Why it Matters - Data Analysis: Visualisation - Bringing Data to Life
- Crisp Consultancy

- 33 minutes ago
- 2 min read

The utility of data analysis is fundamentally limited by the quality of the input and the clarity of the output visualisation. Data integrity is the prerequisite for all analysis, a point emphasised by Michael Stonebraker: “Without clean data, or clean enough data, your data science is worthless”. Visualisation, therefore, is the final, communicative step in a process demanding technical rigour.
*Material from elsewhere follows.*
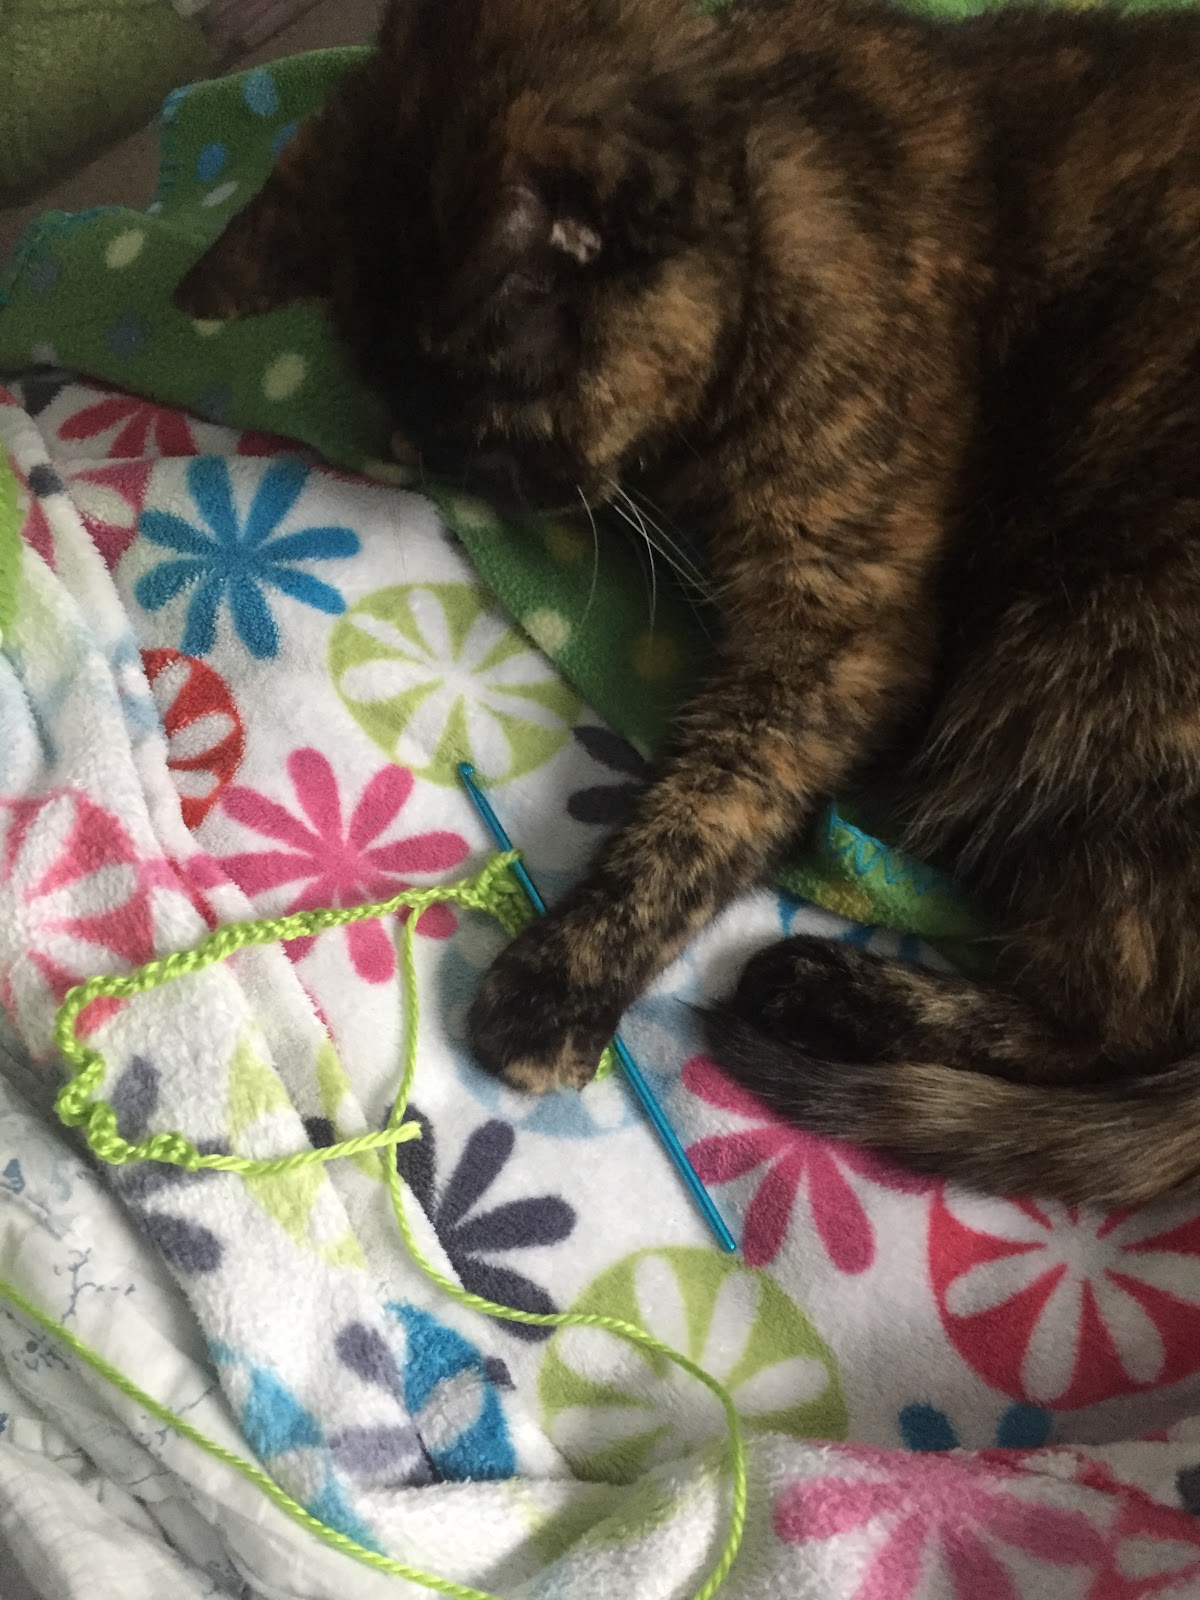 Cat crocheting a blanket

Carly Fiorina defined the ultimate goal of this process: “The goal is to transform data into information, and information into insight”. Data visualisation is the mechanism that translates abstract numerical insight into compelling, actionable knowledge. Brent Dykes defines the necessary skill: “The skill of data storytelling is removing the noise and focusing people's attention on the key insights”. This confirms that effective visualisation requires a disciplined approach to filtering complexity.
Organisational success depends heavily on the human capacity to engage with these visualisations. Miro Kazakoff states that “In a world of more data, the companies with more data-literate people are the ones that are going to win”. This positions data literacy, both in producing clean data and interpreting visual findings, as a critical competitive differentiator.
The function of data visualisation is to act as the necessary link between scientific rigour and executive action. If data forms the basis for sound strategy (per Deming’s philosophy ), then visualisation must achieve high persuasive efficiency. It is the means by which complex findings escape the analytics department and gain the necessary strategic buy-in and funding in the boardroom.
The increasing regulatory focus in the UK on data protection and consumer privacy necessitates a robust approach to data visualisation; insights must not only be clear and actionable (Dykes) but must also adhere strictly to principles of data minimisation and ethical representation, ensuring consumer trust is maintained alongside analytical rigour.
"Why It Matters" offers a collection of afterthoughts for my marketing students, specifically designed to deepen their understanding of the week's topic. It provides crucial added insights to the content explored in each workshop.